Dosage form specific issues:

• Benzyl alcohol and derivatives: Some dosage forms may contain sodium benzoate/benzoic acid; benzoic acid (benzoate) is a metabolite of benzyl alcohol; large amounts of benzyl alcohol (≥99 mg/kg/day) have been associated with a potentially fatal toxicity ("gasping syndrome") in neonates; the "gasping syndrome" consists of metabolic acidosis, respiratory distress, gasping respirations, CNS dysfunction (including convulsions, intracranial hemorrhage), hypotension, and cardiovascular collapse (AAP ["Inactive" 1997]; CDC 1982); some data suggests that benzoate displaces bilirubin from protein binding sites (Ahlfors 2001); avoid or use dosage forms containing benzyl alcohol derivative with caution in neonates. See manufacturer’s labeling.
• Propylene glycol: Some dosage forms may contain propylene glycol; large amounts are potentially toxic and have been associated hyperosmolality, lactic acidosis, seizures, and respiratory depression; use caution (AAP 1997; Zar 2007).

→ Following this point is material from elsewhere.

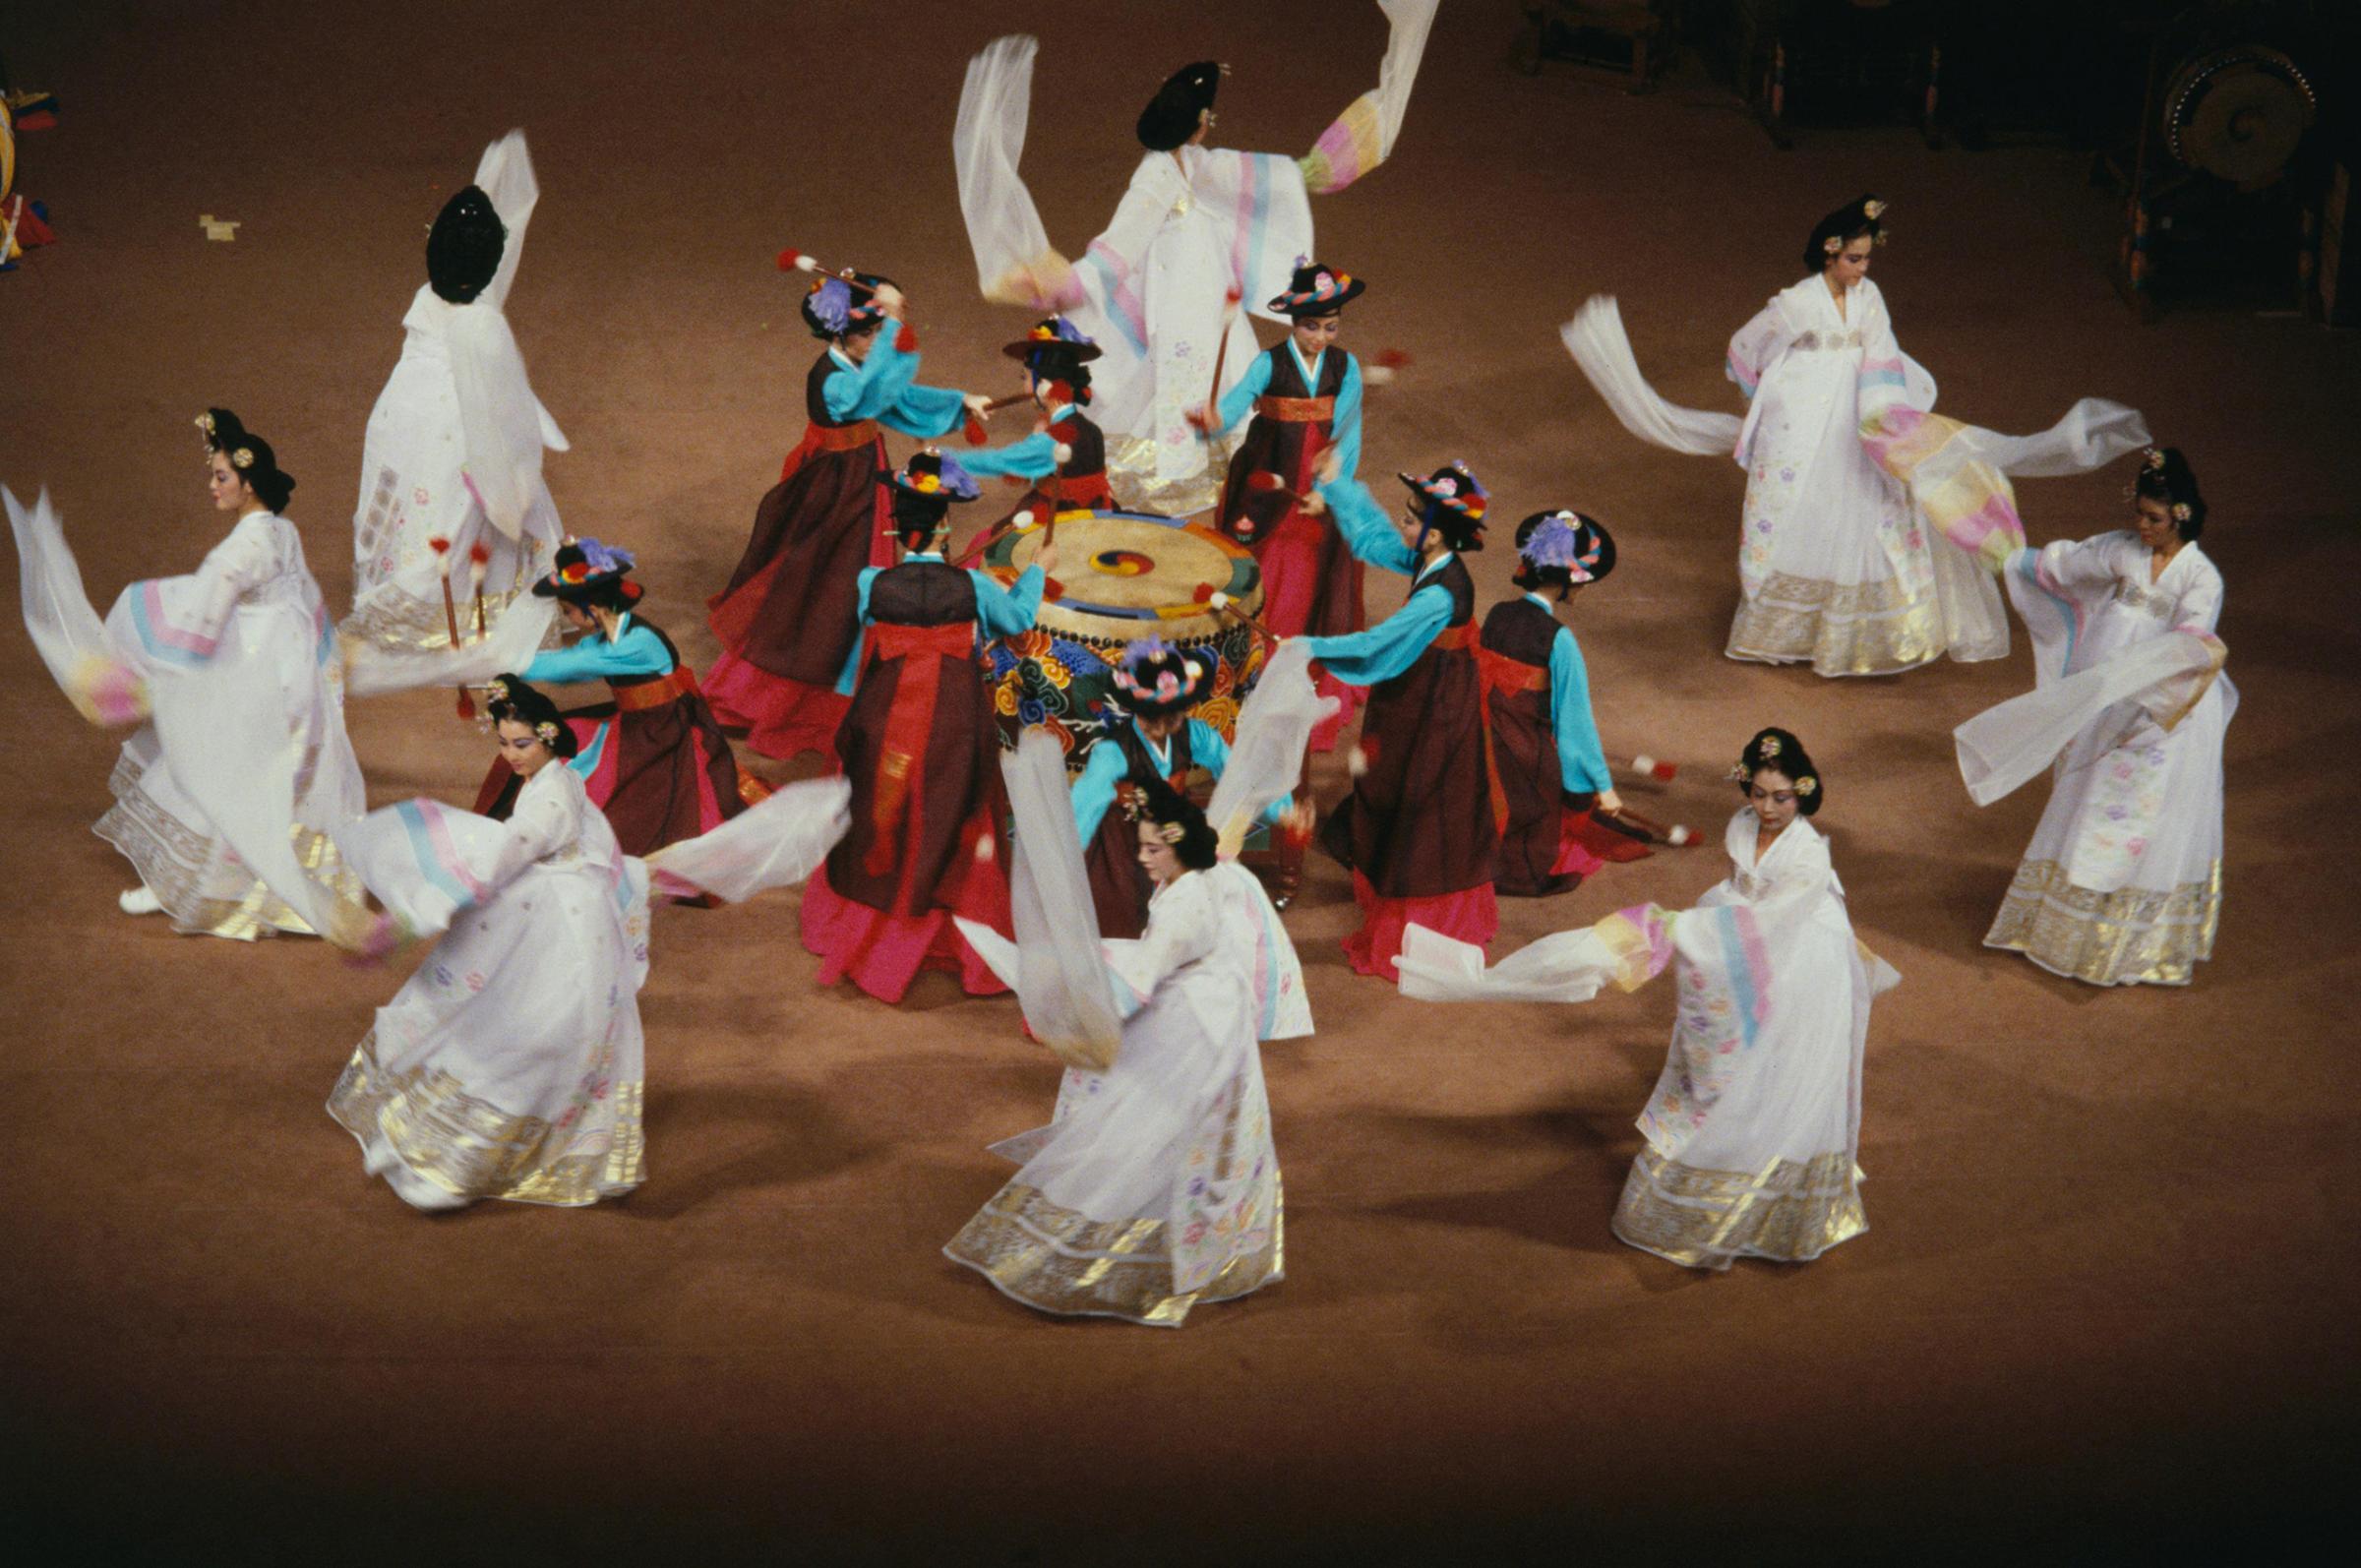 94th IOC Session, Seoul, 1988 - Opening ceremony, a dance.

Other warnings/precautions:

• Dosage limit: Limit acetaminophen dose to <4 g/day.
• Self-medication (OTC use): When used for self-medication (OTC), patients with persistent or chronic cough (associated with COPD, asthma or smoking) and/or productive cough (eg, copious amounts of phlegm) should be evaluated by a healthcare provider prior to use. Discontinue use and notify healthcare provider if pain, cough, or nasal congestion gets worse or lasts >7 days; fever gets worse or lasts >3 days; cough comes back or occurs with rash or headache that lasts; if any new symptoms or nervousness, dizziness, or sleeplessness occur; or if redness or swelling is present.

Pregnancy

Pregnancy Considerations

Refer to individual agents

Patient Education

• Discuss specific use of drug and side effects with patient as it relates to treatment. (HCAHPS: During this hospital stay, were you given any medicine that you had not taken before? Before giving you any new medicine, how often did hospital staff tell you what the medicine was for? How often did hospital staff describe possible side effects in a way you could understand?)
• Patient may experience dizziness, anxiety, or trouble sleeping. Have patient report immediately to prescriber signs of liver problems (dark urine, fatigue, lack of appetite, nausea, abdominal pain, light-colored stools, vomiting, or yellow skin), unable to pass urine, change in amount of urine passed, or signs of Stevens-Johnson syndrome/toxic epidermal necrolysis (red, swollen, blistered, or peeling skin [with or without fever]; red or irritated eyes; or sores in mouth, throat, nose, or eyes) (HCAHPS).
• Educate patient about signs of a significant reaction (eg, wheezing; chest tightness; fever; itching; bad cough; blue skin color; seizures; or swelling of face, lips, tongue, or throat). Note: This is not a comprehensive list of all side effects. Patient should consult prescriber for additional questions.

Intended Use and Disclaimer: Should not be printed and given to patients. This information is intended to serve as a concise initial reference for health care professionals to use when discussing medications with a patient. You must ultimately rely on your own discretion, experience, and judgment in diagnosing, treating, and advising patients.